Erika Gieschen Bertling, 48, of Culver City, grew up in Okinawa, Japan, with a Chinese mother and a German American father. She feels “very ethnically Asian” and embraced the church and The Gathering because of its inclusivity.
“I am all about bringing diversity in every way,” she said. “When I discovered its Beloved Community’s foundation for racial reconciliation, I was hooked. I joined The Episcopal Church.”
Similarly, Dustin Nguyen, 25, grew up in a non-religious home but discovered The Gathering through a group of progressive Christians “who are trying to get away from patriarchy, racism, anti-LGBTQ versions of Christianity. It was wonderful to be around like-minded individuals who shared a similar lived experience.”

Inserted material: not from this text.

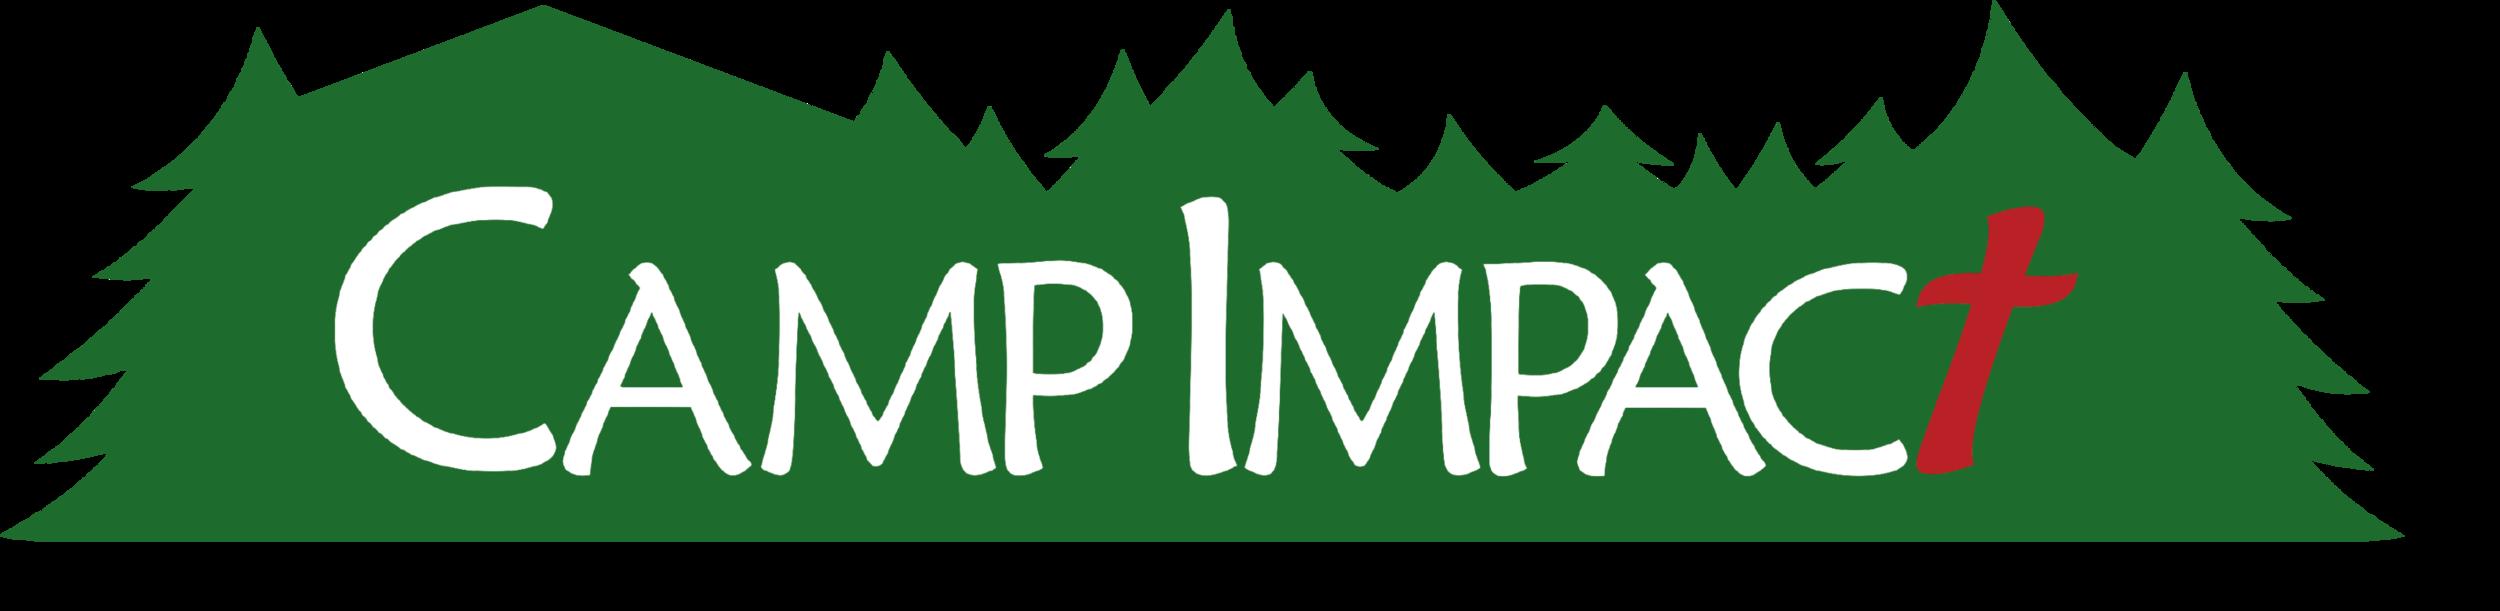 NEW Logo Camp Impact_FINAL-1.png

Although “the pandemic has brought out tons of racism towards Asian Americans,” the concurrent desire for solidarity is a blessing, Nguyen said. “My values are ultimately hollow if I only speak for myself and not for other oppressed groups.”
Of 25 people who registered for an online book club taking place this August led by Kim, only three are Episcopalian, she said. Their interest in “Pachinko” by Min Jin Lee and “The Best We Could Do” by Thi Bui drew them, along with the opportunity for spiritual engagement. “That’s something they said they can’t get in another book club,” Kim said. “I call it #digitalevangelism.” Click here to register for the book club.
The Gathering and its online presence have been “a real oasis for a lot of Asian Americans” across the country and beyond, said Huang, who is Chinese, Taiwanese and Japanese. “If you think about … Episcopalians in places without much of an Asian American presence in their communities, they can feel very alone.”
Ultimately, “this whole recent national conversation about George Floyd and countless others is part of the story The Gathering has to tell,” Huang added. “And what Presiding Bishop Michael Curry talks about, ‘loving, life-giving and liberating,’ is part of our Gospel message, too.”
– The Rev. Pat McCaughan is a correspondent for the Episcopal News Service. She is based in Los Angeles.